This is based on a problem that came up today. During the course of this problem I realized that I wasn't so sure I understood the relationship between wattage and heat produced.

In the past we did a test in the lab using .305 Ω /ft wire. The jacket is rated for 150C. We were able to get about 6.5A (at 3.66V) out of it at 24C ambient, with out exceeding the jacket rating. I want to estimate what the ampacity of 0.027 Ω/ft wire is. So I am wondering if I did it correctly, because this amperage seems a little high for the wire to handle, then again most copper wire is only rated at 90C.

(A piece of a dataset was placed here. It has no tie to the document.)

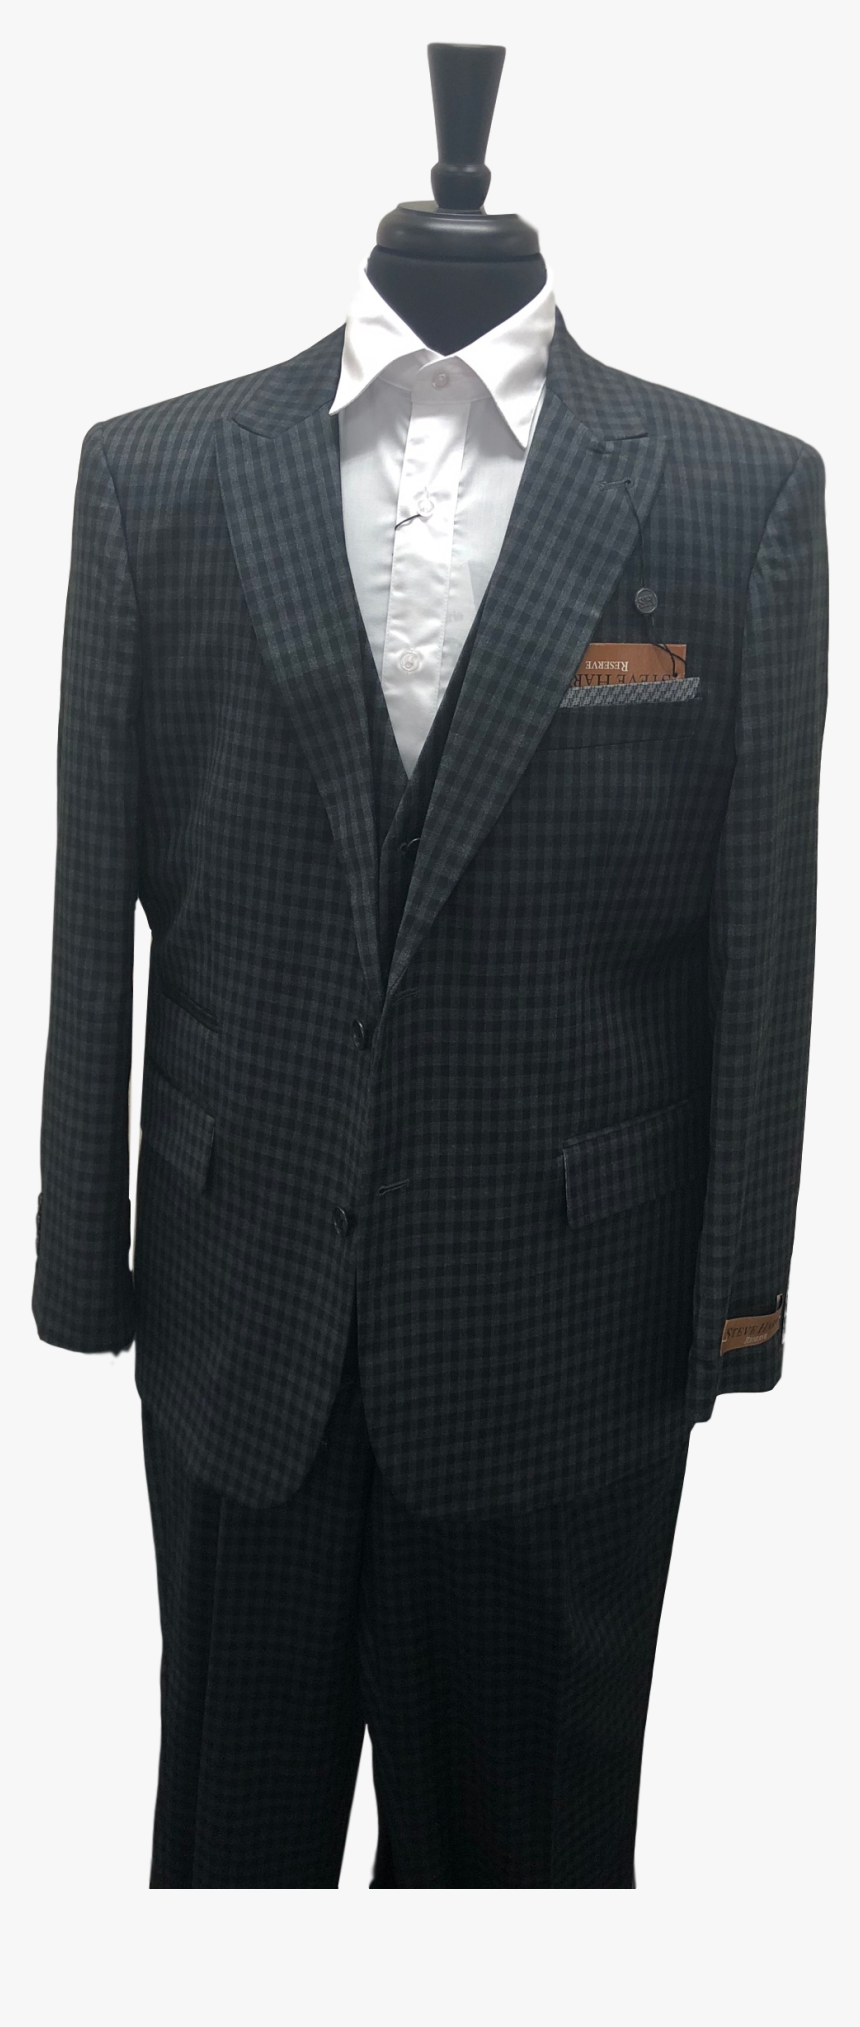 Steve Harvey Check Suit Black And Gray, HD Png Download, Free Download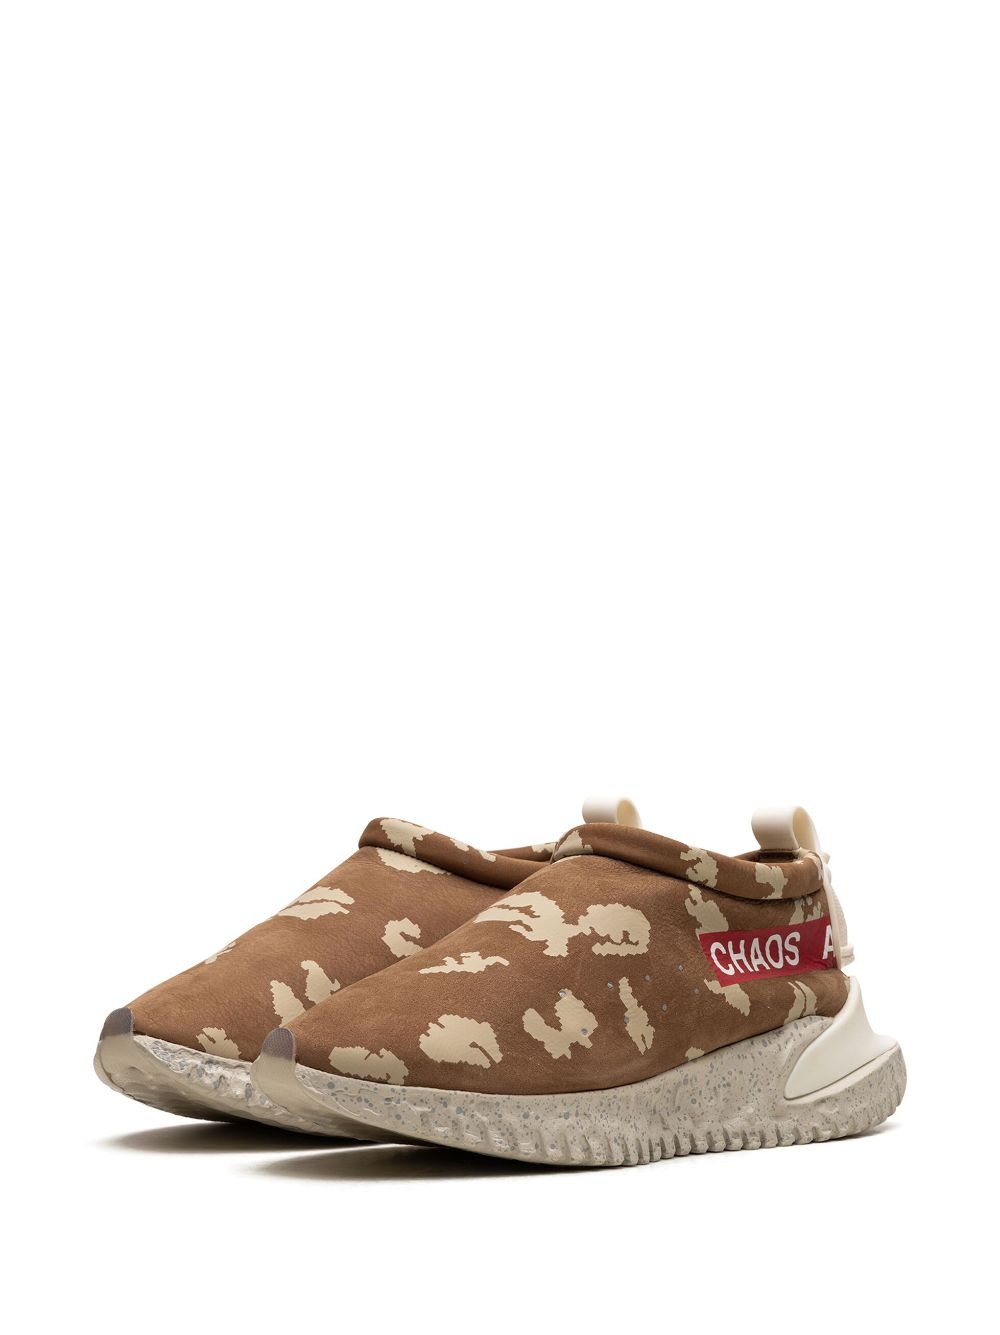 x UNDERCOVER Moc Flow "Ale Brown" sneakers - 4

So the math I did on it was this

So you do

.305 * 2 = .61 Ω /ft

**6A**^2 * .61 Ω = 21.62W (I^2*r = W)

21.96W * / 2ft = 10.98 W/ ft

So would it be safe to assume that if I did the same with a 0.027w/ft wire with the same jacked I would arrive at this amperage?

If you start with

11W/ft * 2ft = 22W

0.027 Ω * 2ft = .054 Ω

Sqrt(22W/(0.054 Ω)) = **20.18A**

ETA: we are planning on testing this tomorrow when we get some wire in. So we shall find out.

## Best Answer

I don't quite follow your calculations. But if you are doing I^2 *R as the power, and assuming the same max power for each wire.. then that's what I would have done.

However I went here and it looks like I*R is about constant. (?)

(I had to plot it.) Still looks linear.

Maybe someone can tell us both why.

Edit: I*R dependence. (Thanks Spehro, it was suddenly obvious on the drive home.) No matter the thermal loss mechanism (convection, radiation..) It will go as the area of the wire. 2 * pi *r * l (r - radius and l - length), so bigger wire will need more heat to get to a given temperature. (more later)